6. Delete the directory contained the changes and the `offsync` diff file from the _sync store_, the
local `offsync` diff file, and the initial copy of the `offsync` index.

```mermaid
sequenceDiagram
autonumber
actor Pep's friend
participant offsync@{ "type": "control" }
participant offsync_index@{ "type": "entity"}
participant offsync_diff@{ "type": "entity"}
participant backup@{ "type": "database" }
participant sync_store@{ "type": "database" }

Pep's friend->>offsync: backup changes
alt DIFF NOT EXIST
offsync->>sync_store: Get offsync_diff
offsync->>Pep's friend: Nothing to backup
else
offsync->>sync_store: Get offsync_diff
sync_store->>offsync_diff: Download
offsync->>offsync_diff: Read previous offsync_index hash
offsync->>offsync_index: Calculate hash and compare them
offsync->>offsync_index: Make a copy
loop
offsync->>offsync_diff: Read changes
offsync->>sync_store: Added file: Get file
sync_store->>backup: Download file
end
loop
offsync->>backup: Deleted file: Delete
offsync->>offsync_index: Track change
end
offsync->>offsync_diff: Read current offsync_index hash
offsync->>offsync_index: Calculate hash and compare them
offsync->>sync_store: Delete directory
offsync->>sync_store: Delete offsync_diff
offsync->>Pep's friend: OK / Error
end
```

NOTE there are two strategies to support temporary network failures which are possible because, the
_delete_ changes are applied after the _add_ changes (which require to download files) are applied.
- (A) Track the progress and if the network fails, the command can be restarted later to continue
where it was interrupted
- (B) Rollback to the previous state by deleting all the added files.
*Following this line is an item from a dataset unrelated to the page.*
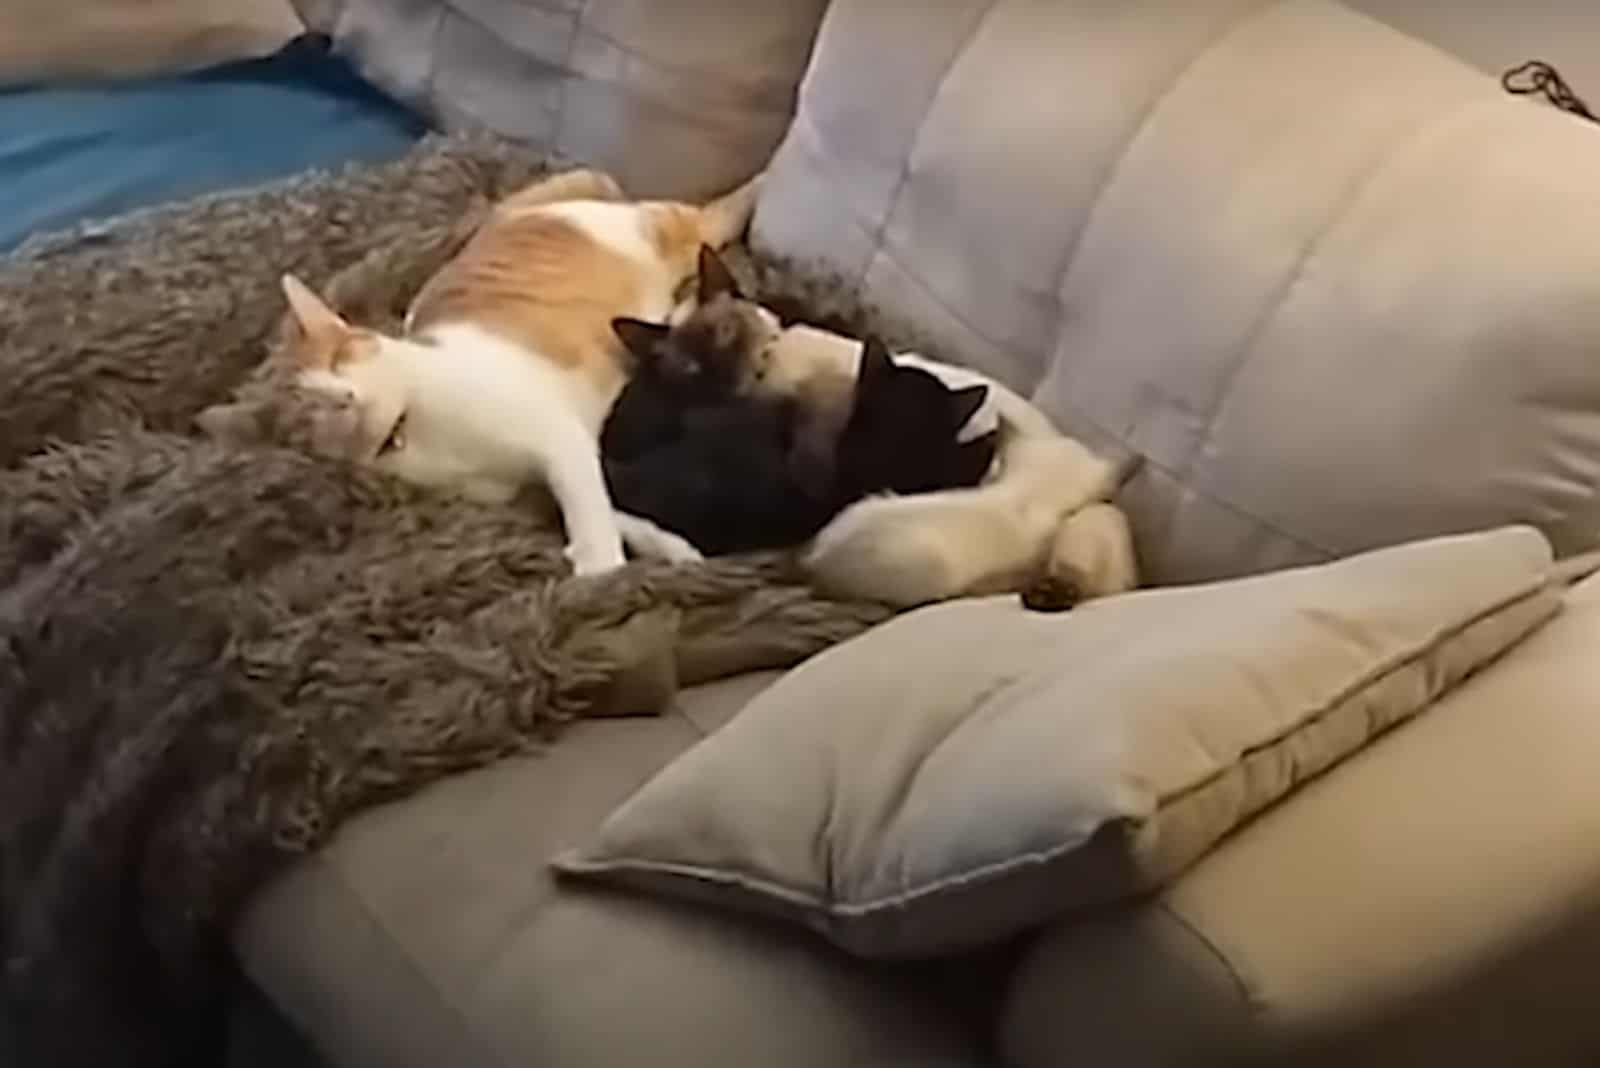 the cat sleeps on the couch next to the kitten

There is no need to remove the
new added entries from the the index file because there is an initial copy to override the
modified index.

If a network failure happen during the clean up, the command can only proceed with strategy (B).

There is not restriction on implementing both strategies and give the user to choose which one to
apply each time or set which one to apply (configuration file / environment variable / flag).